The general idea behind artificial intelligence (A.I.) is giving machines the ability to think like human beings. This has been a mysterious and sexy topic in the media and pop culture for decades. Think movies like Terminator (1984) and Ex Machina (2015).
However, we are a long ways off from machines being able to think and act independently. To some this is unfortunate, and to others comforting. YAI does shape our modern world in profound ways that most people do not even realize.
There is a sub-field within A.I. called machine learning. Machine learning is a branch of artificial intelligence that allows software to become more accurate at predicting specific outcomes, without explicit programming to do so. Essentially, you are “training” the machine to solve a problem.
As of recently, machine learning has begun to impact our lives in many ways. Computers finally have the speed and ability to keep up with machine learning tasks. For example, it is the concept of self-driving cars, speech recognition, and even online shopping.
What’s the difference?
There are two types of machine learning to be aware of. The first is supervised machine learning, and the second is unsupervised machine learning.
Supervised learning allows a computer to “learn” about a subject using “labeled data.” Labeled data tells us about an outcome that is already known. The goal is to give a system a sample of data for it to be able to predict outcomes accurately. The more data provided, the more accurate the predictions will be. A good example of how this can be applied is in the medical field, for instance, in cancer research.
Say we are looking at human cells, and we know whether a cell is cancerous or not. That is the label. We also have lots of other data about the given cells, for example, chemical composition, size, and many other things. These things that we know about the subject are “features.”
The goal is that using these features and labels, with machine learning, we can look at a whole new cell in the lab and be able to predict whether or not it is cancerous. The concept and math behind supervised learning are complex. A simpler way to think about it is whether or not we can get a computer to accurately predict something given things we already know about that subject.
By contrast, unsupervised machine learning does not have labeled data. Looking at our medical example, say we have collected a lot of information about a lot of cells. Using machine learning, we would try to find out several things: Are there common trends in the data? Which cells, if any, share common characteristics?
The machine does not initially know which cells are cancerous or not, but using this data, it can categorize them based on their other shared features.
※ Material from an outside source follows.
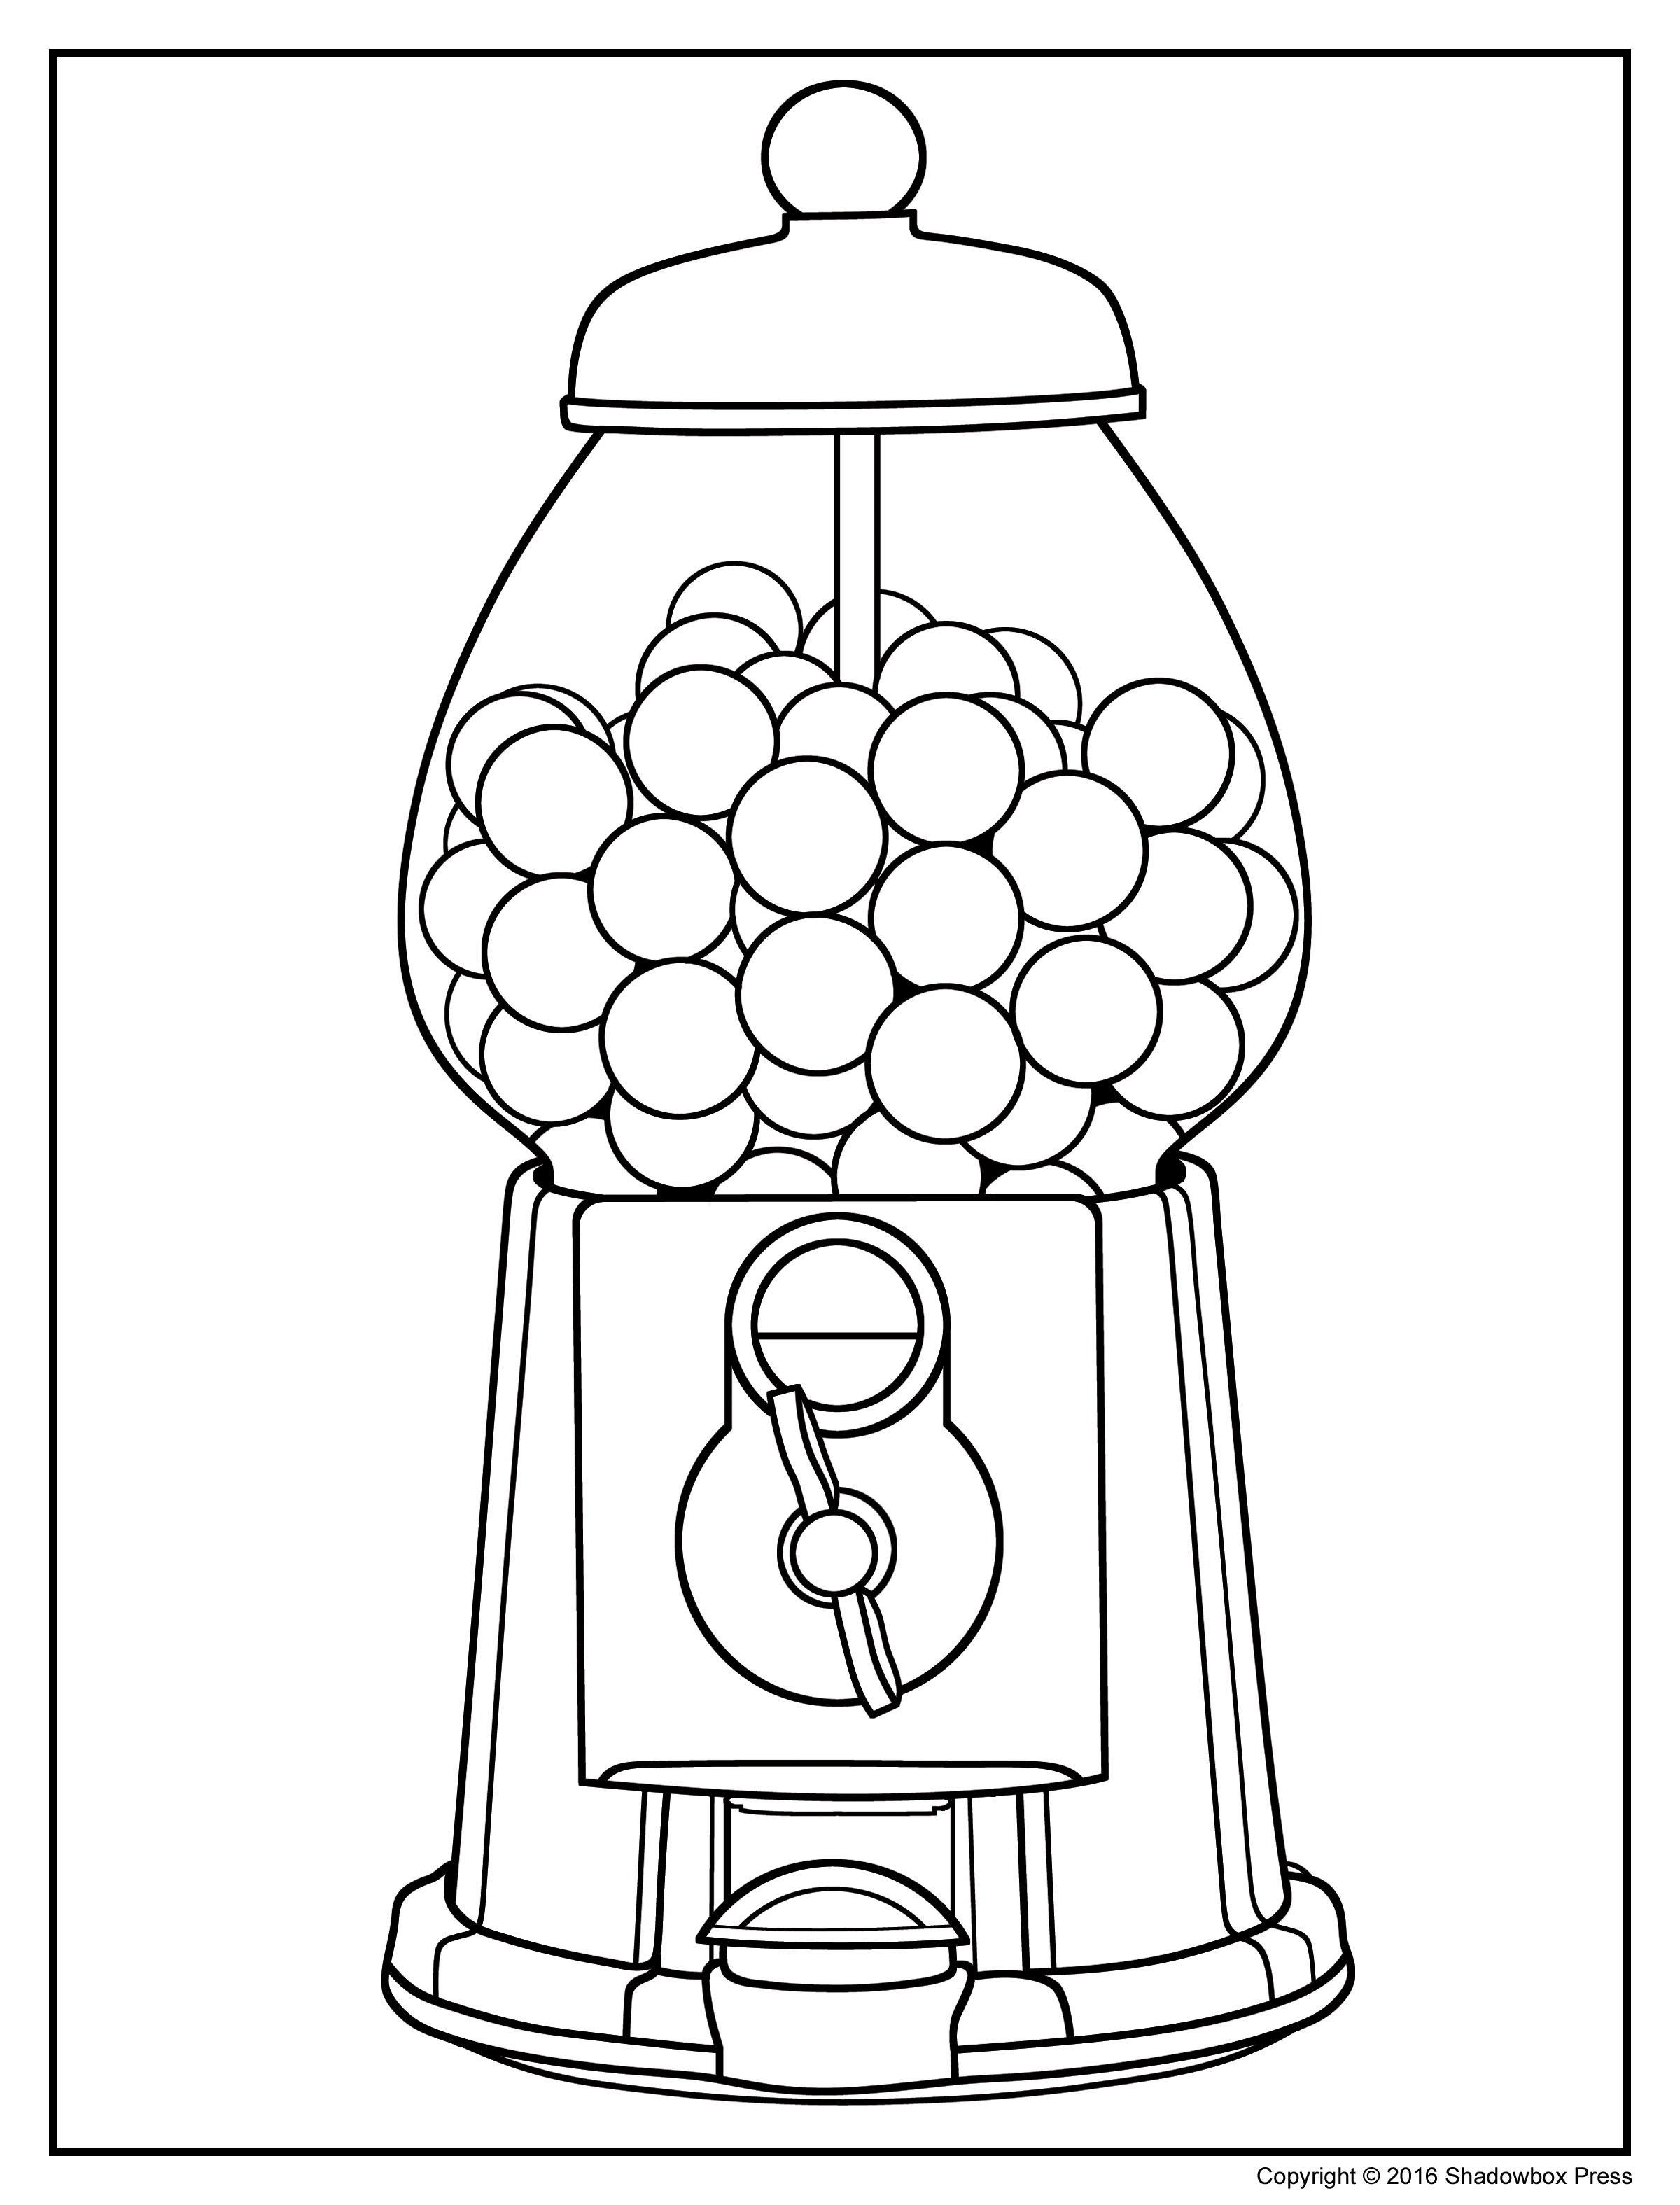 bubble-gum-coloring-page-at-getcolorings-free-printable-colorings

Machine learning compares thousands of these “features” simultaneously.
How does CUJO use machine learning?
So, when we say CUJO uses AI, that means an application of machine learning to protect your home network. CUJO uses a Supervised machine learning algorithm. Using labeled data, CUJO makes predictions about the behavior on your home network.
Specifically, we use this technique to monitor whether your devices are behaving correctly. It allows us to determine if you are browsing sites that house potential phishing, malware, or other types of malicious content. CUJO can do this without invading your privacy. Using machine learning, we can determine if your encrypted connection is secure.
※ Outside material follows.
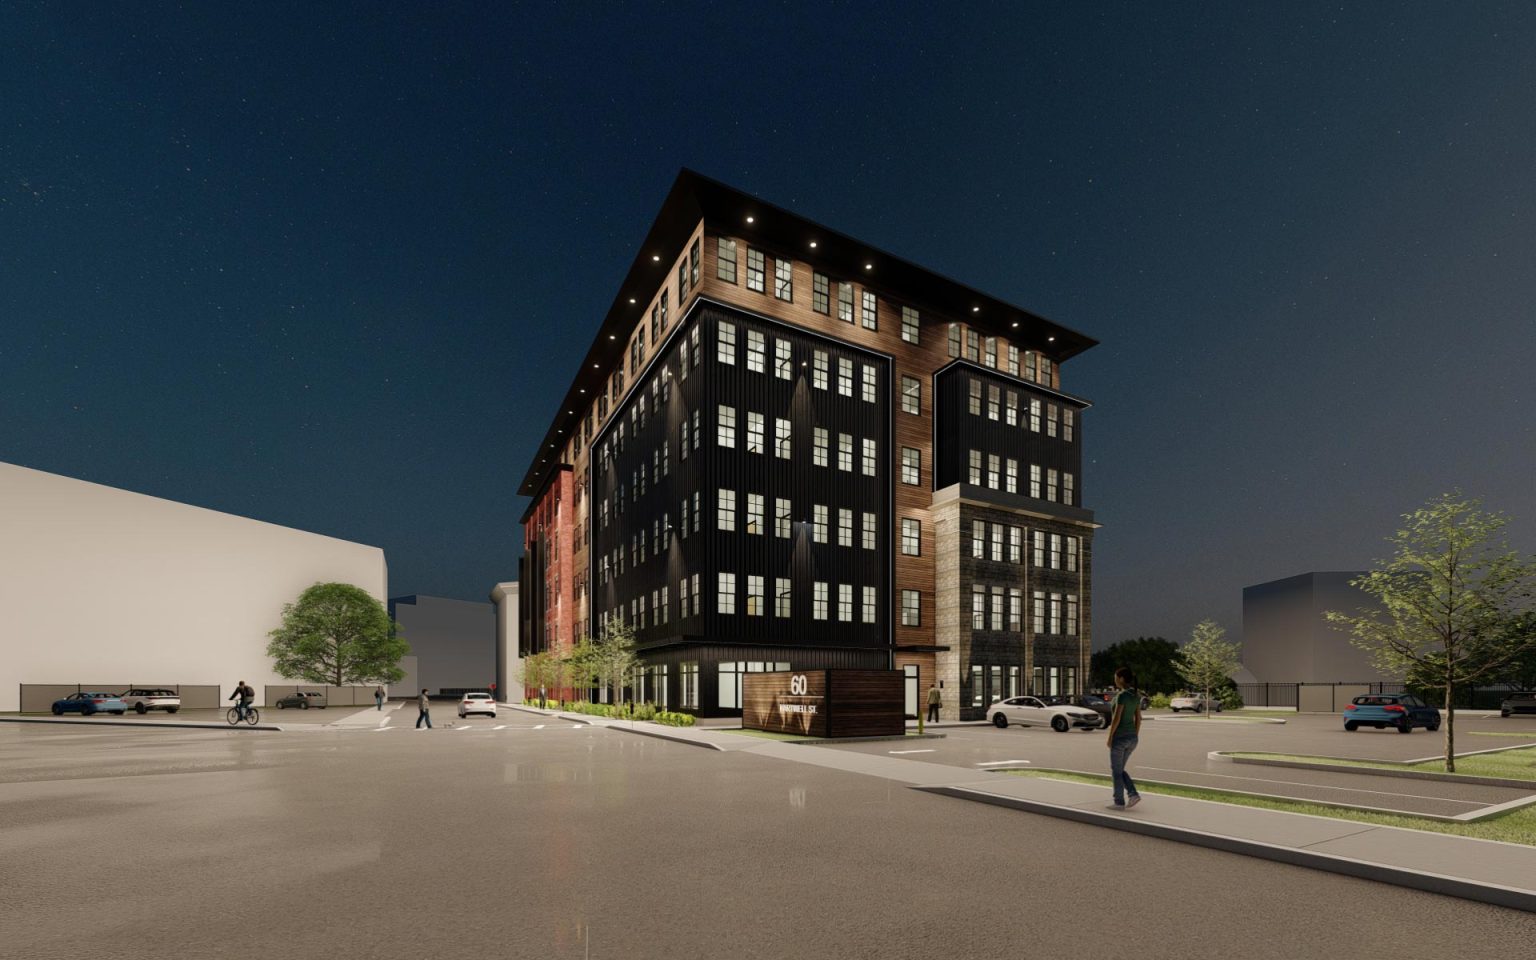 Building design for Lofts at Hartwell Street in Fall River, MA: a six-story, mixed-use building

The benefit of this type of technique that CUJO employs is that we do not need to know about a particular threat before it happens to defend from it. The term “zero-day” attack refers to a threat that has never been used before in a public forum.
Due to it being so new, traditional methods of antivirus cannot defend against it. This is where CUJO comes is. We don’t need to know about a particular attack before it happens. CUJO can predict malicious behavior and stop it in its tracks.
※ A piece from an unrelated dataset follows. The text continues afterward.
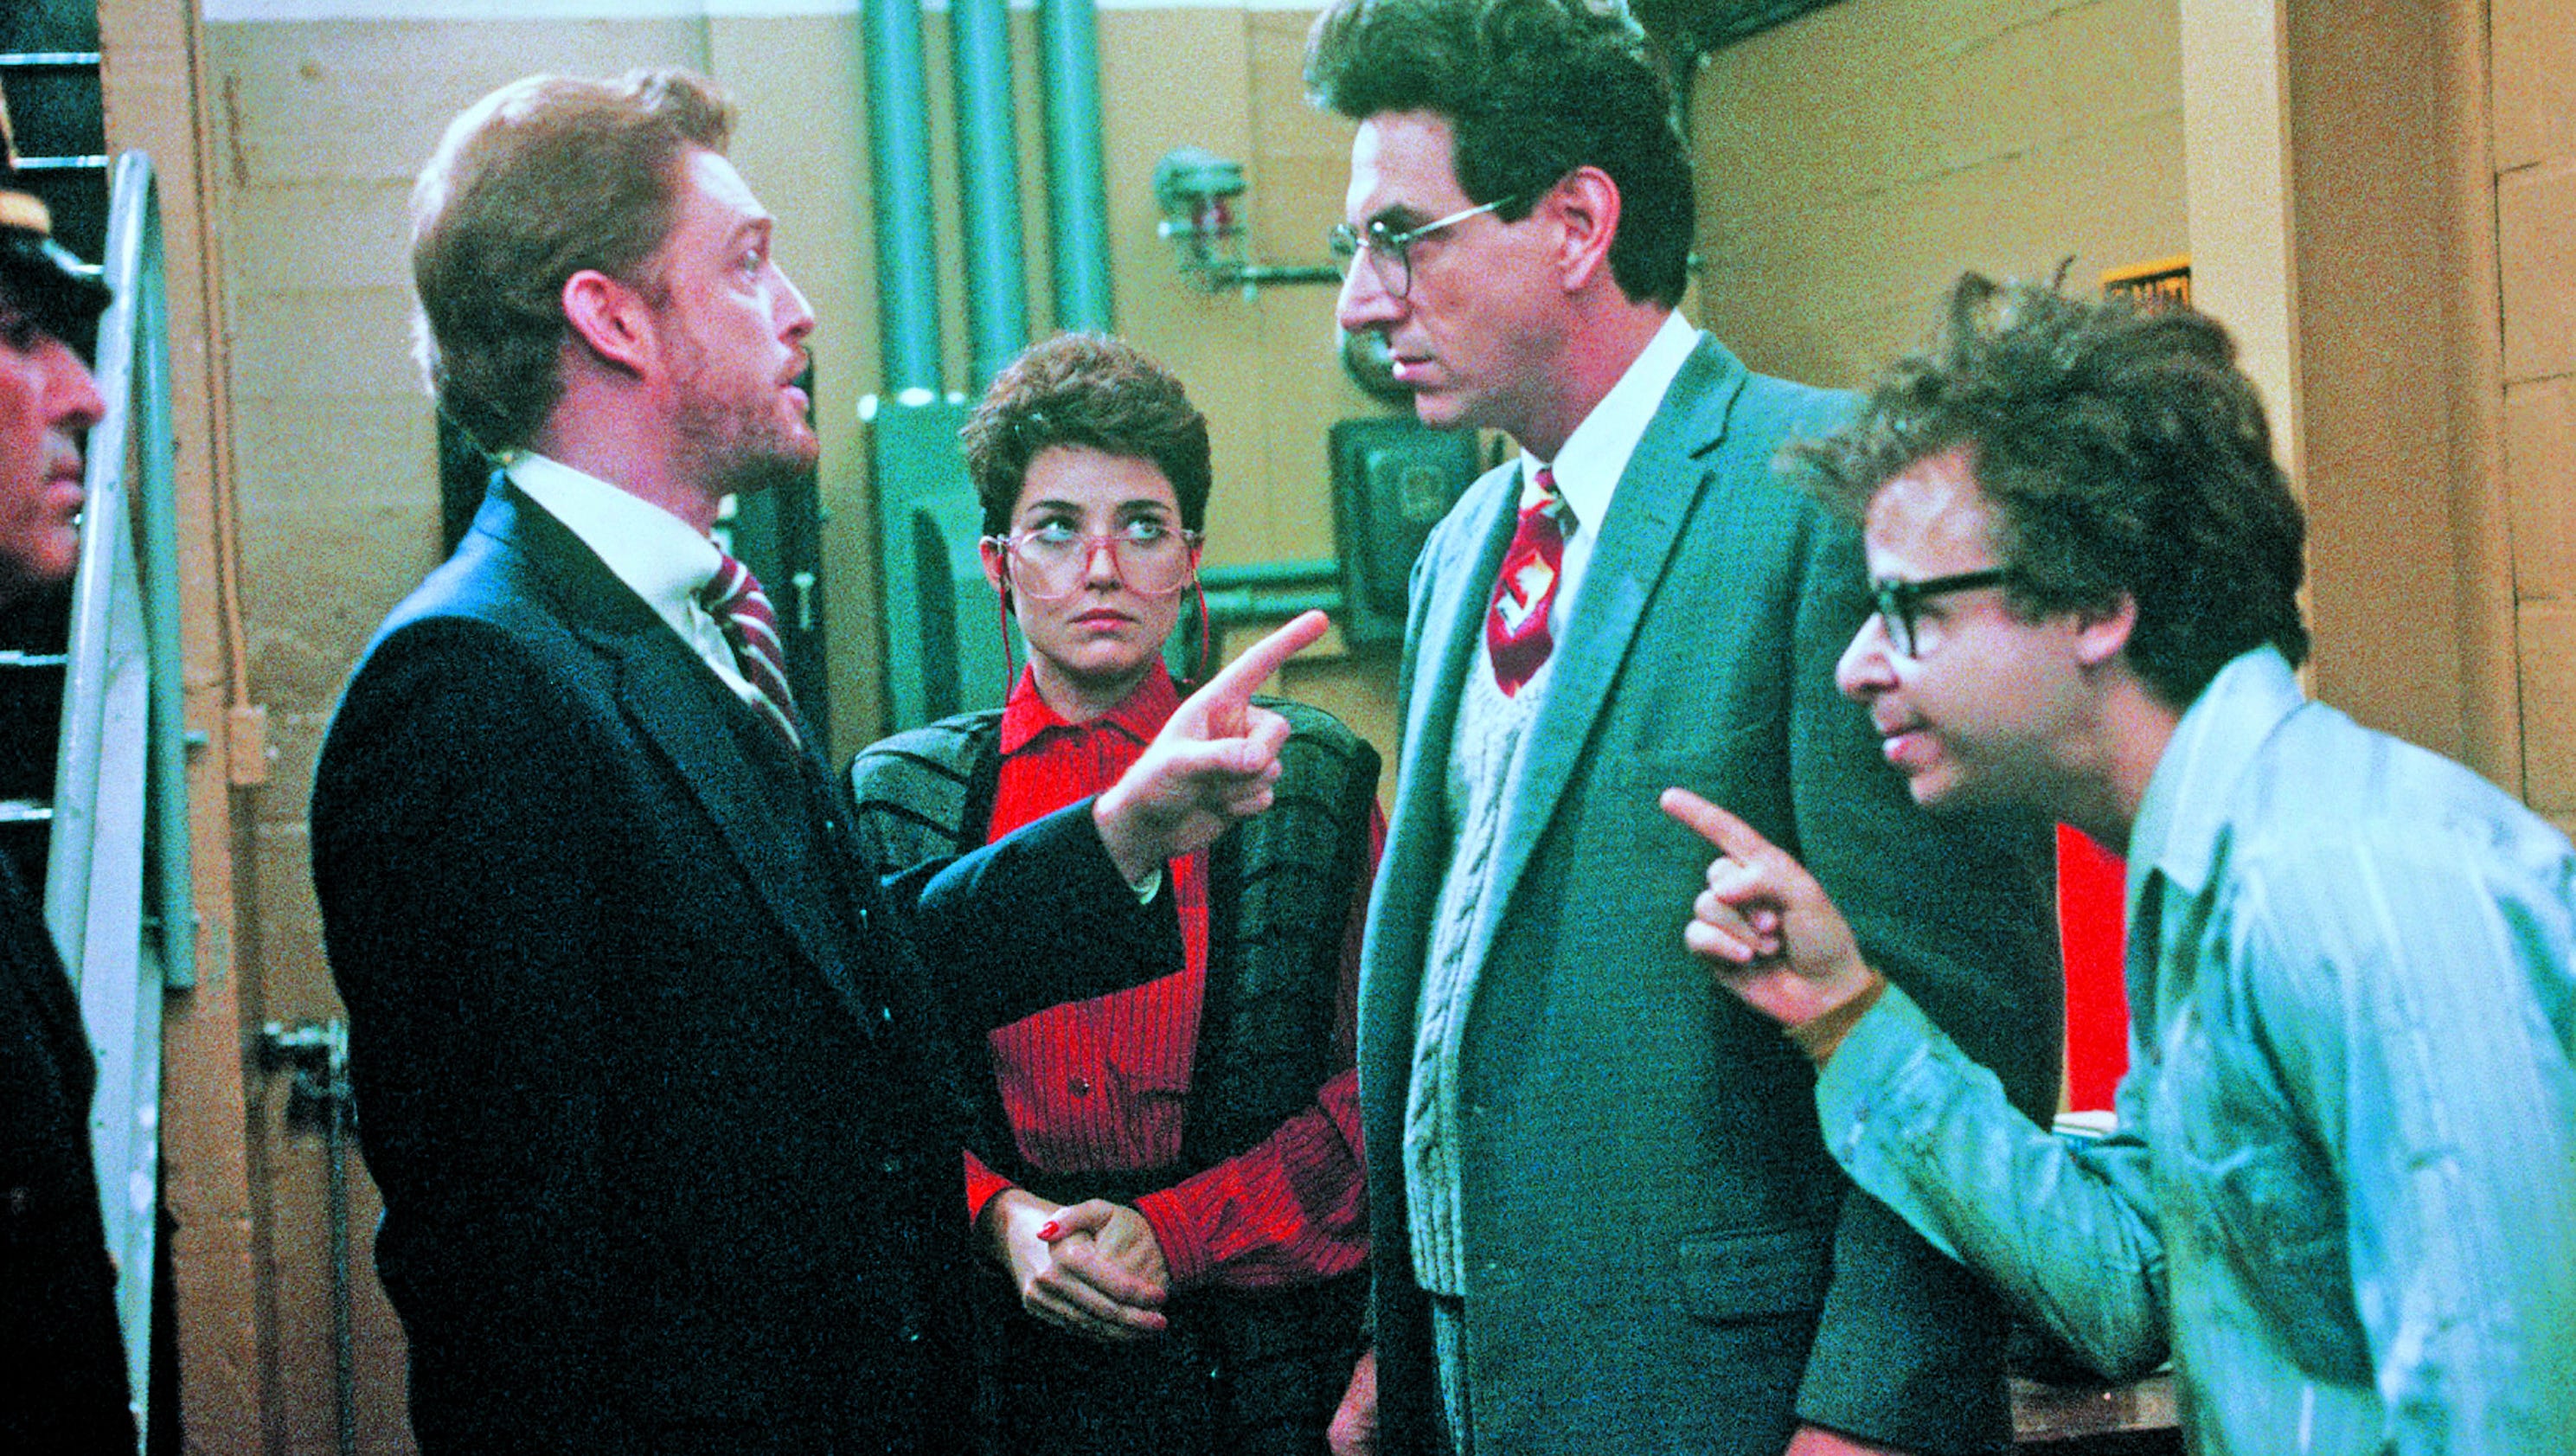 Rick Moranis turned down 'Ghostbusters' cameo, because it made 'no sense'

CUJO is always getting smarter
CUJO uses machine learning to stay ahead of hackers. Hackers are constantly finding new, complicated, and more sophisticated ways to infiltrate networks. But we get smarter too.
CUJO protects a growing number of global home networks, and we can collect some metadata about traffic on your network, without invading our your privacy. CUJO then can combine all of these data snippets to come up with more accurate predictions, via machine learning.
This process is regularly occurring. As we observe a new behavior on a customer’s network, we classify it and determine whether it is malicious, effectively making the entire CUJO network smarter. Everyone benefits from this process of learning, except criminal hackers.